Now, the region collectively has decided to ‘move on’. It can see that the world is on the cusp of a new era. Washington may derive satisfaction by presenting these changes as if this is some form of Henry Kissinger ‘triangulation’ (as David Ignatius suggests): “The Saudis now balancing their security by playing off the U.S. against China”.
The brutal truth, however, is that this transformation came about because the US and its toxic ‘with us; or against us doctrine’ was wholly excluded, and because "Israel" is too busy with introspection.

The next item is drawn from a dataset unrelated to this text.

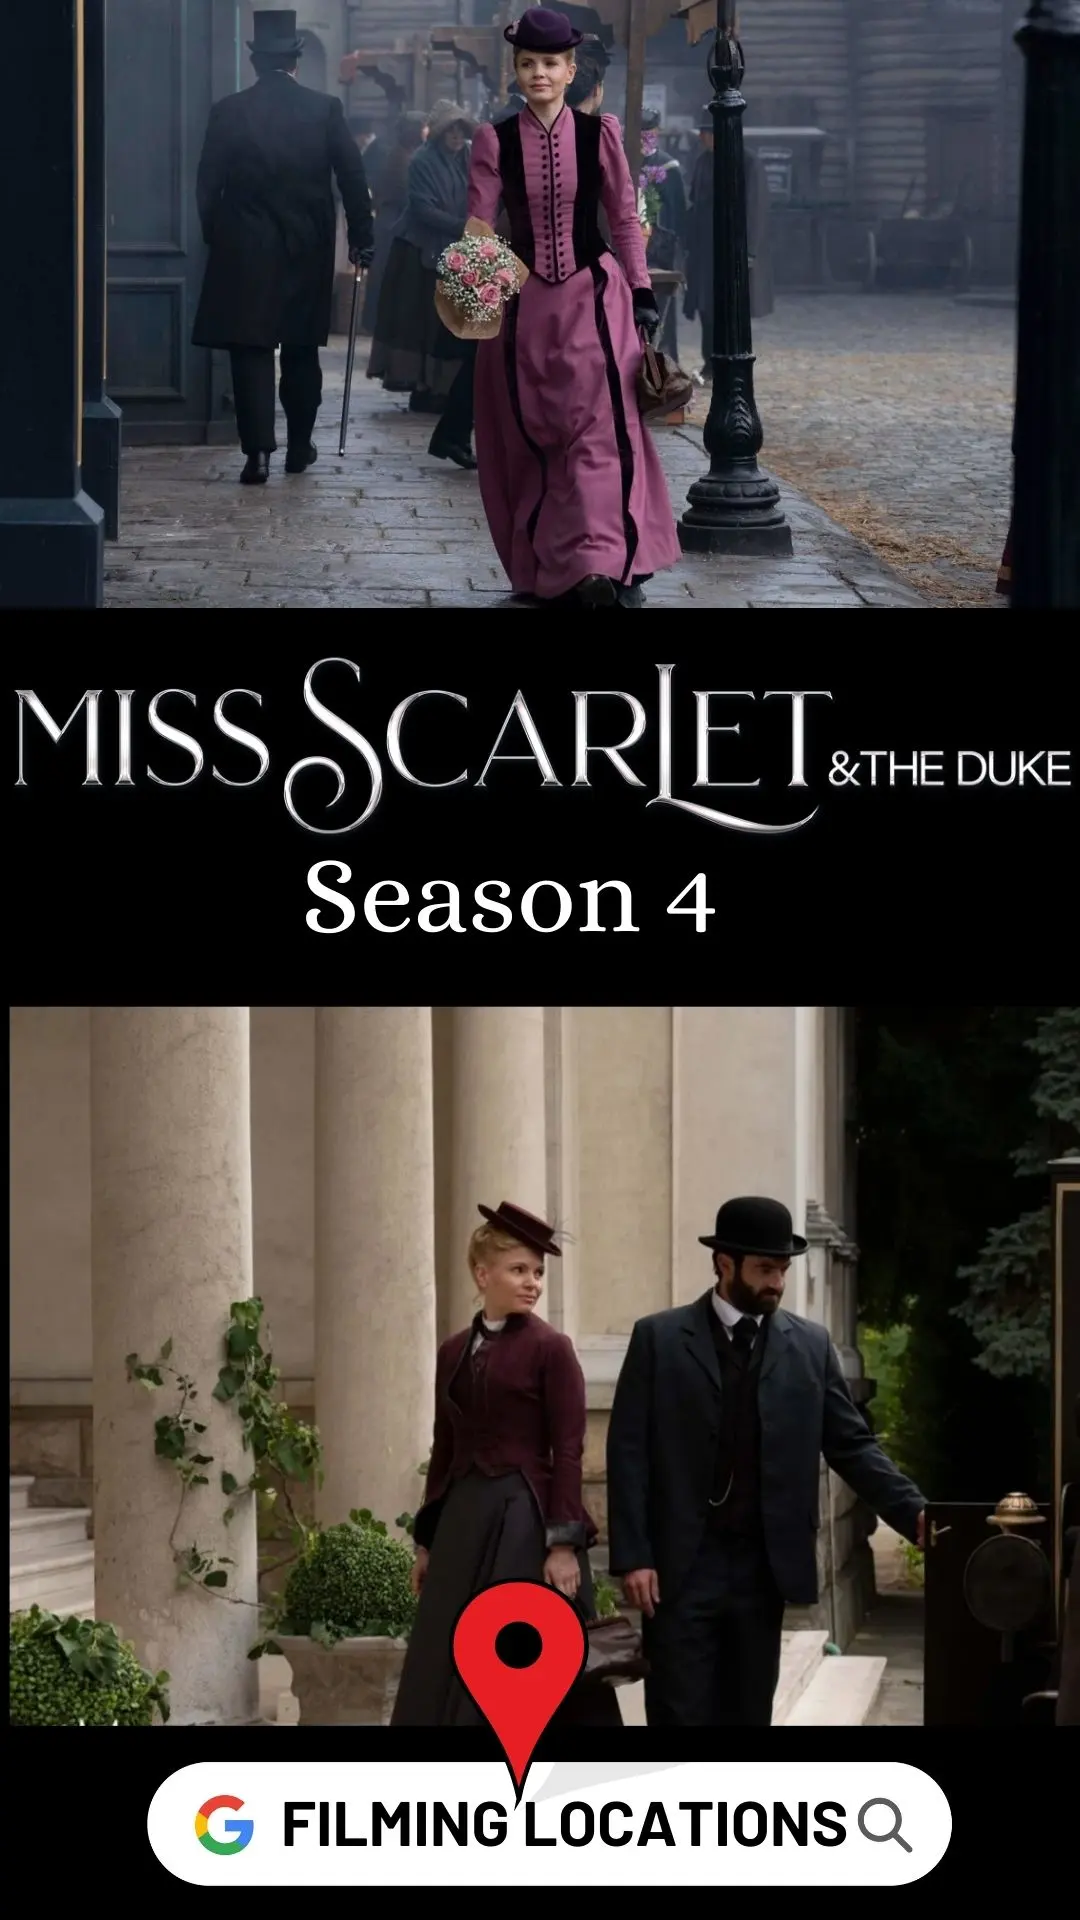 Miss Scarlet & the Duke Season 4 Filming Locations
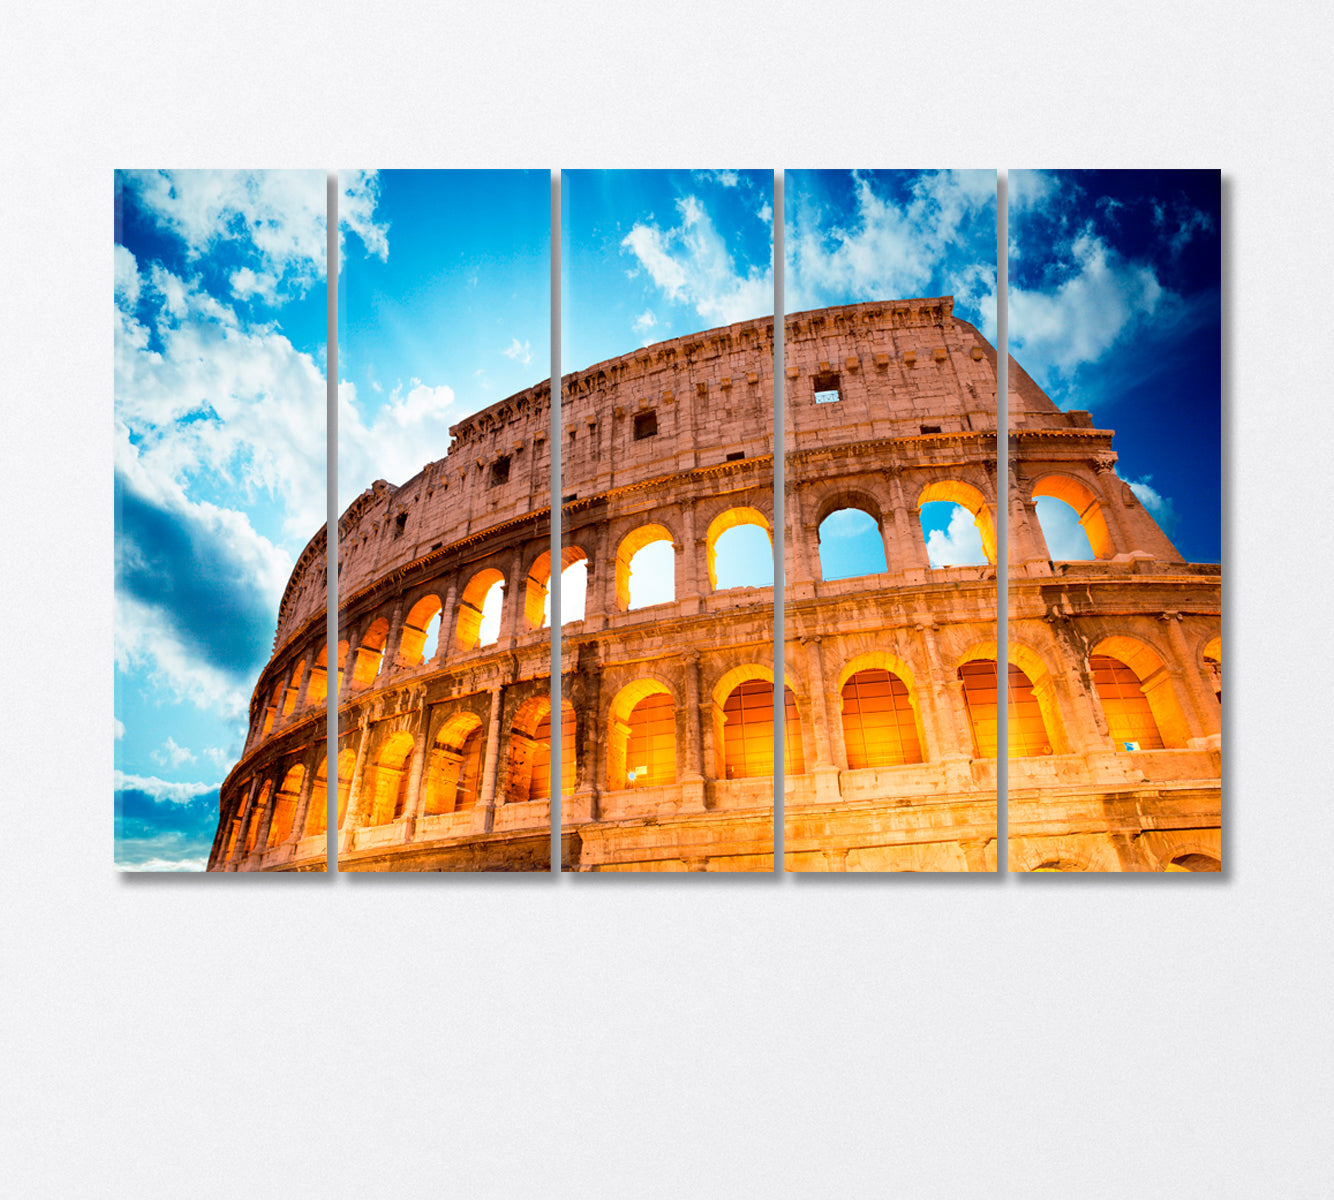 Colosseum Rome Italy Canvas Print-Canvas Print-CetArt-5 Panels-36x24 inches-CetArt

More changes than a new regional security architecture seem likely to flow from the Entente: Fareed Zakaria of CNN warned:
"Here’s my take … The most interesting outcome of the Xi-Putin Summit, and barely reported, was Putin saying: “we are in favour of using the Chinese yuan for settlements between Russia and the countries of Asia, Africa and Latin America."
"So, the world’s second largest economy (sic!) and its largest energy exporter are together actively trying to dent the dollar’s dominance as the anchor of the world’s financial system. Will they succeed? … The dollar is America’s last surviving superpower. It gives Washington unrivalled economic and political muscle … The war in Ukraine combined with Washington’s increasingly confrontational approach [however] to China, have created a perfect storm in which both Russia and China are accelerating efforts to diversify away from the dollar …"
"Washington’s weaponisation of the dollar has led many important countries to search for ways [to avoid US sanctions]. Could the US currency suffer weakness through ‘a thousand cuts’? A likely scenario. For the first time in memory, we have a international financial crisis in which the dollar is weakening instead of strengthening. A sign of a reckoning to come? "
“Americans should worry”, is how Zakaria ends his broadcast.